◆ **Work order**
In the data below, one line contains "Konami out of" and a later one contains "1970s Floral Button". Print both, with every line between them, exactly and alone.

◆ **Information shown**
------------------------
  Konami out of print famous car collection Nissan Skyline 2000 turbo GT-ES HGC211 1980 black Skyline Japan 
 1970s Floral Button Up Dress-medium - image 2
------------------------
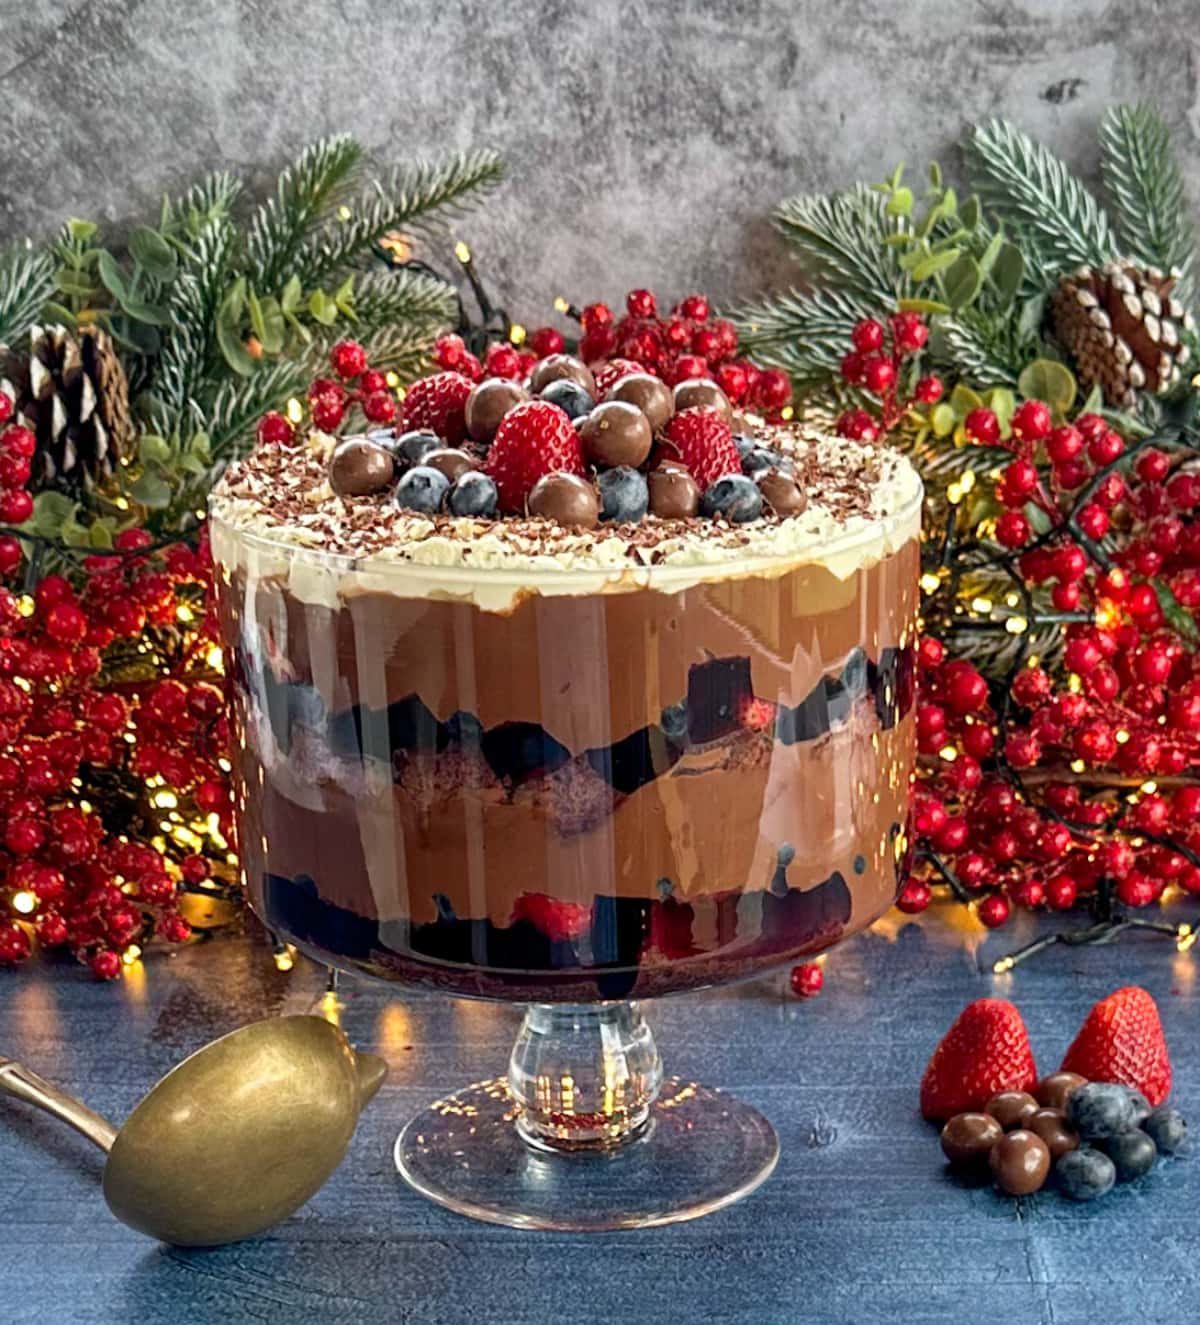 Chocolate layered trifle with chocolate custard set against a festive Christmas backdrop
------------------------
◆ **Output**
  Konami out of print famous car collection Nissan Skyline 2000 turbo GT-ES HGC211 1980 black Skyline Japan 
 1970s Floral Button Up Dress-medium - image 2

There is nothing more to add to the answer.